▸ Exercise directions
Reproduce every line of the listing as written, apart from the pictures.

▸ Provided material
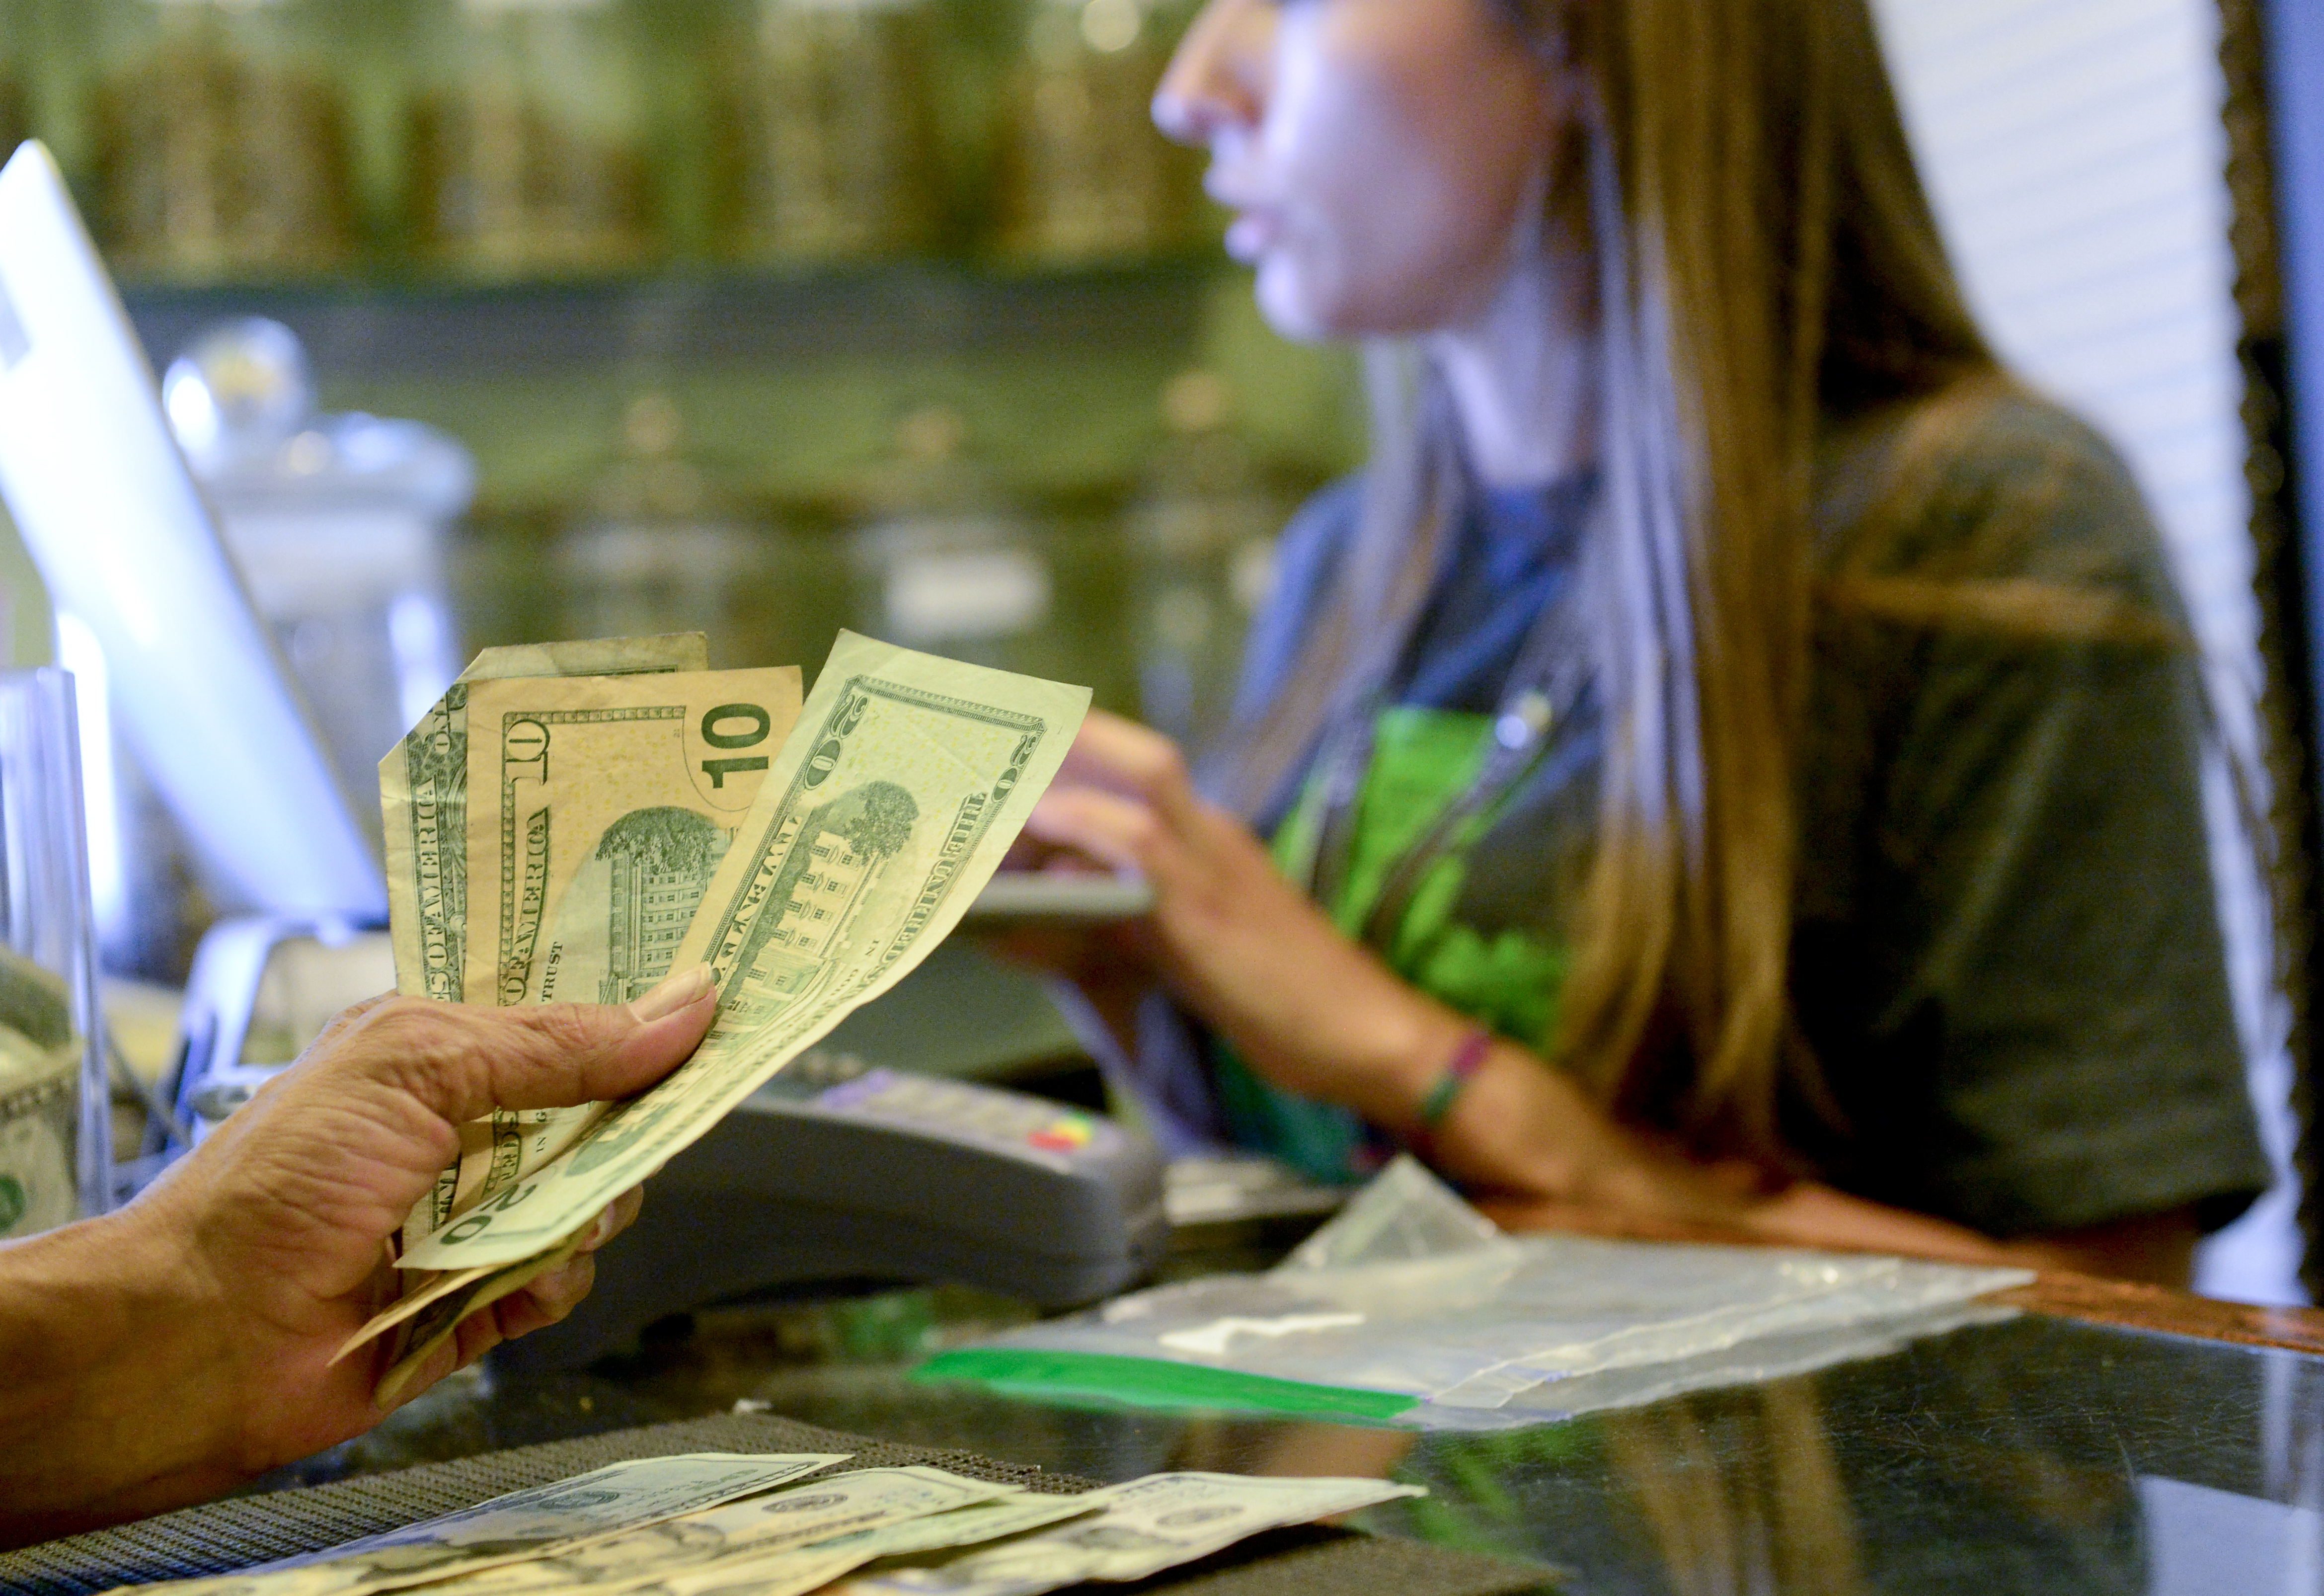 Colorado is using pot tax money to save programs funded by big tobacco settlement
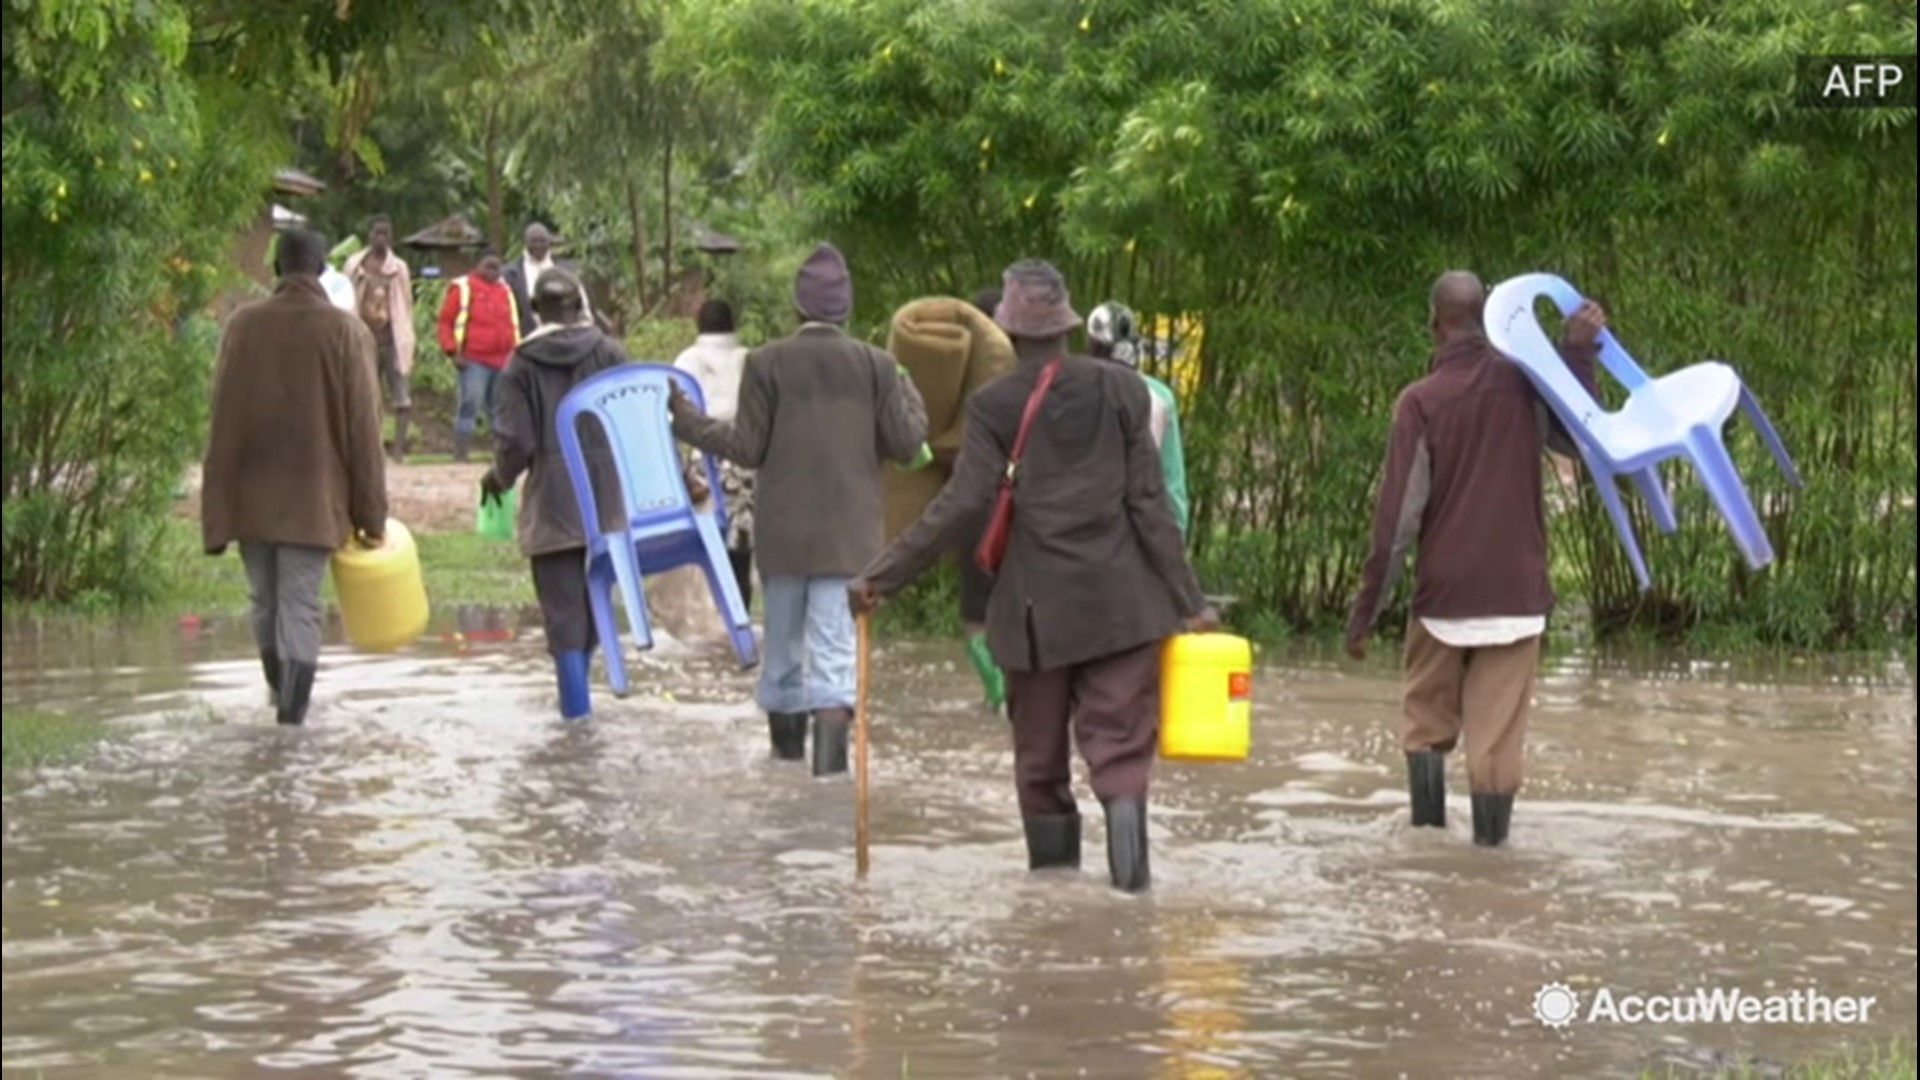 Around 200 homes in the Kenyan village of Nyando were displaced after being devastated by heavy rainfall and flooding on Dec. 4.
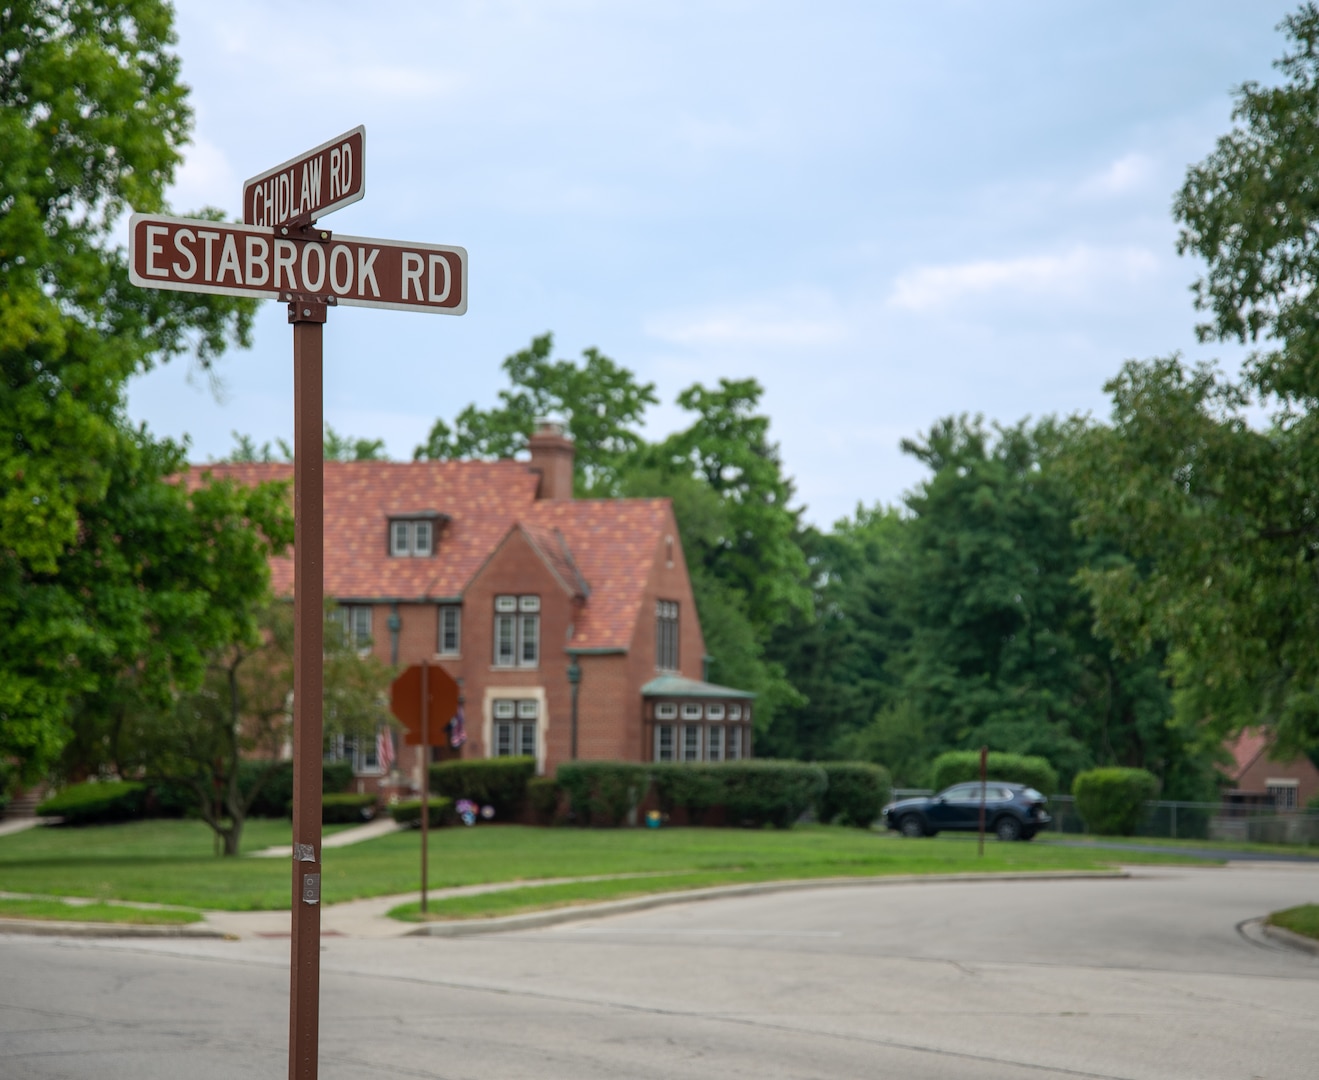 Estabrook Road on Area A, Wright-Patterson Air Force Base, Ohio, was named after Brig. Gen. Merrick Estabrook Jr., July 12, 2022. Estabrook was commander of both Patterson Field and Fairfield Air Depot from 1939 to 1943. The road runs from Wright-Patterson Medical Center to Turtle Pond.
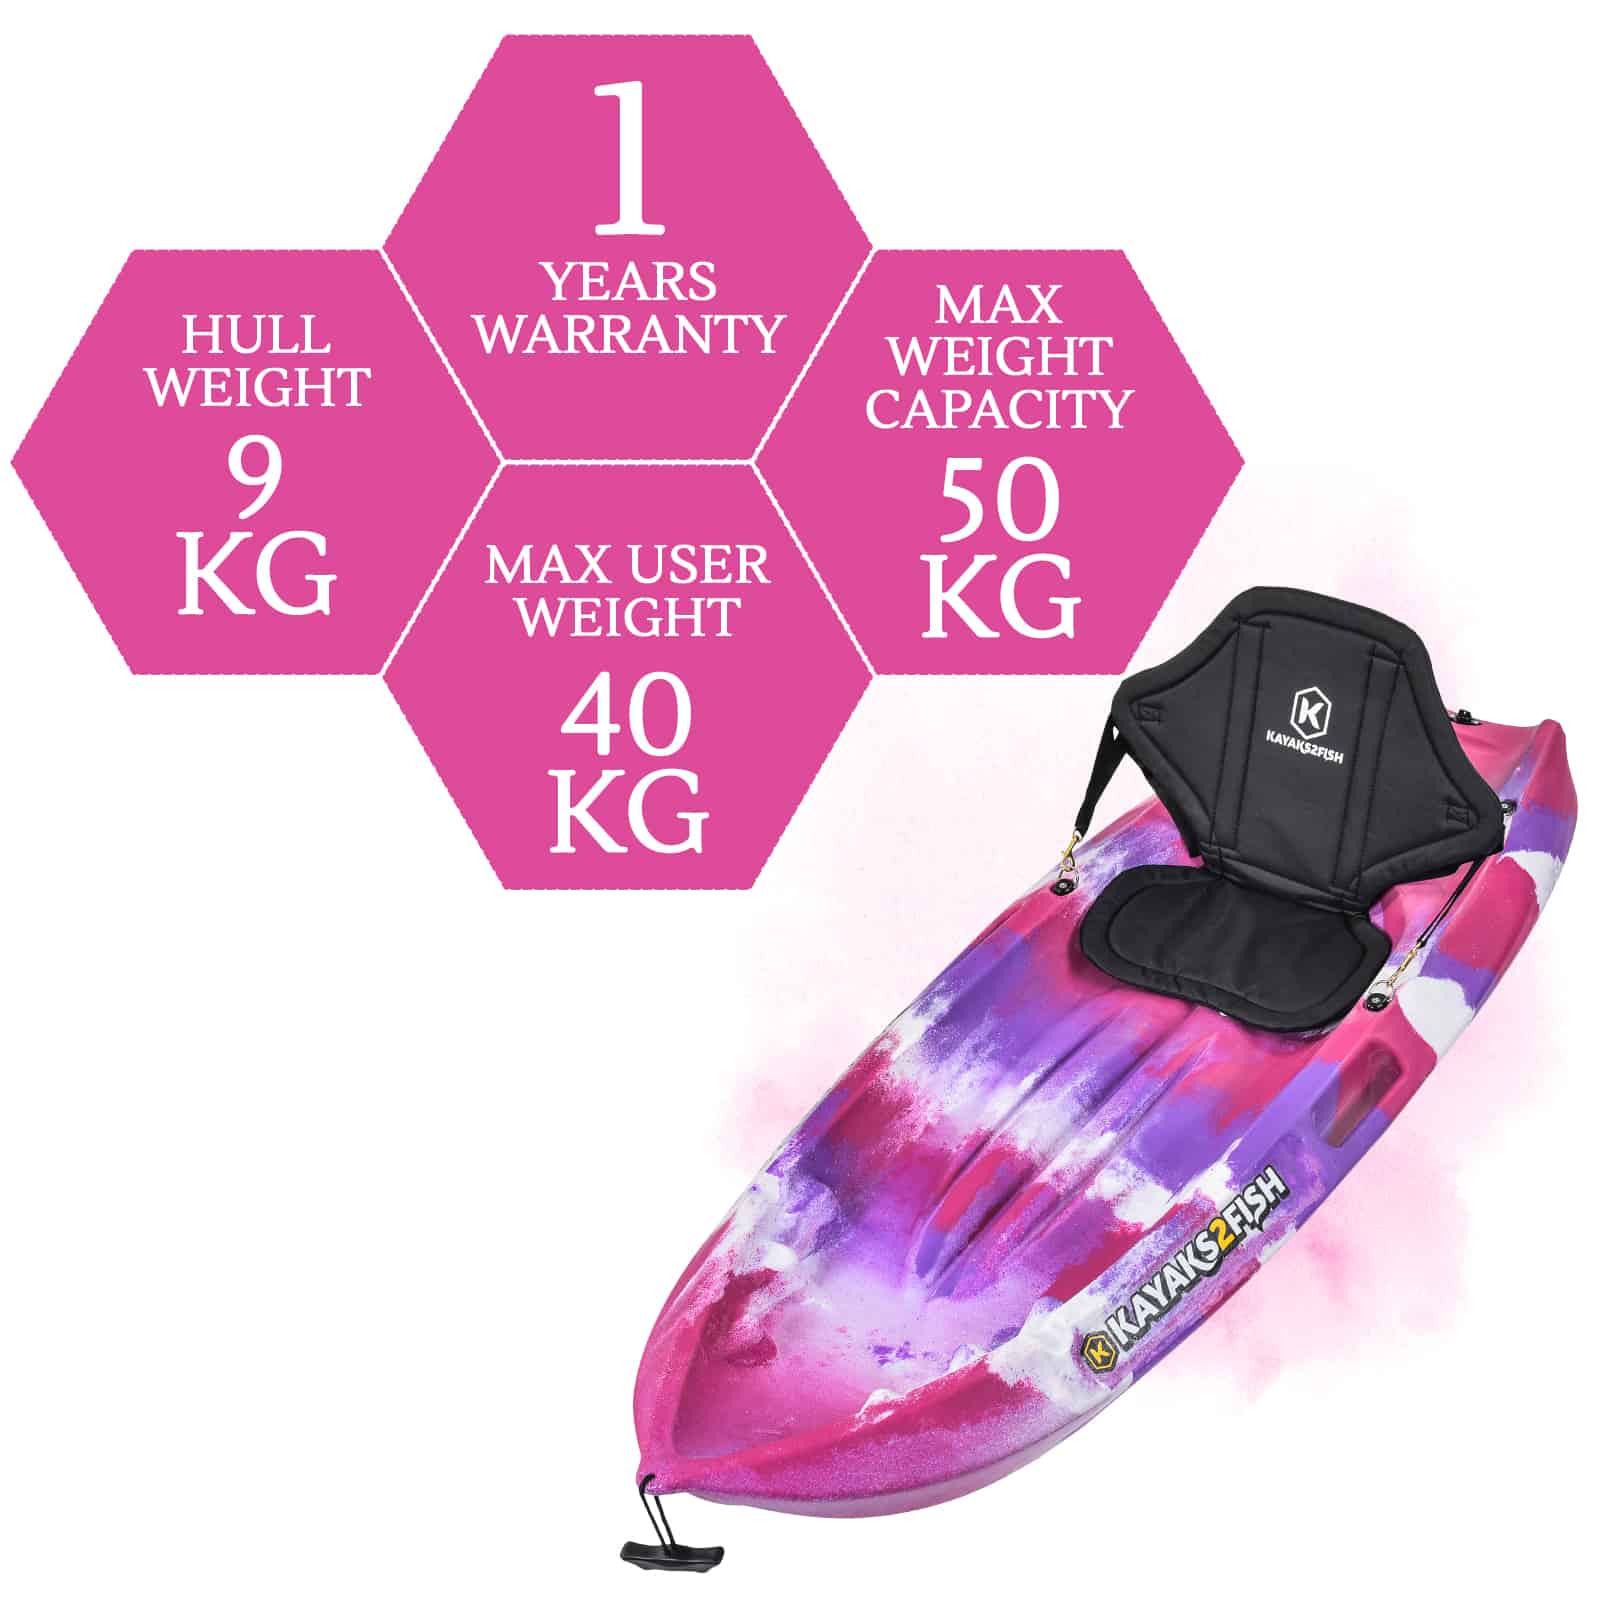 K2FR-PUFFIN-PINKCAMO specifications

▸ Task result
 Colorado is using pot tax money to save programs funded by big tobacco settlement
 Around 200 homes in the Kenyan village of Nyando were displaced after being devastated by heavy rainfall and flooding on Dec. 4.
 Estabrook Road on Area A, Wright-Patterson Air Force Base, Ohio, was named after Brig. Gen. Merrick Estabrook Jr., July 12, 2022. Estabrook was commander of both Patterson Field and Fairfield Air Depot from 1939 to 1943. The road runs from Wright-Patterson Medical Center to Turtle Pond.
 K2FR-PUFFIN-PINKCAMO specifications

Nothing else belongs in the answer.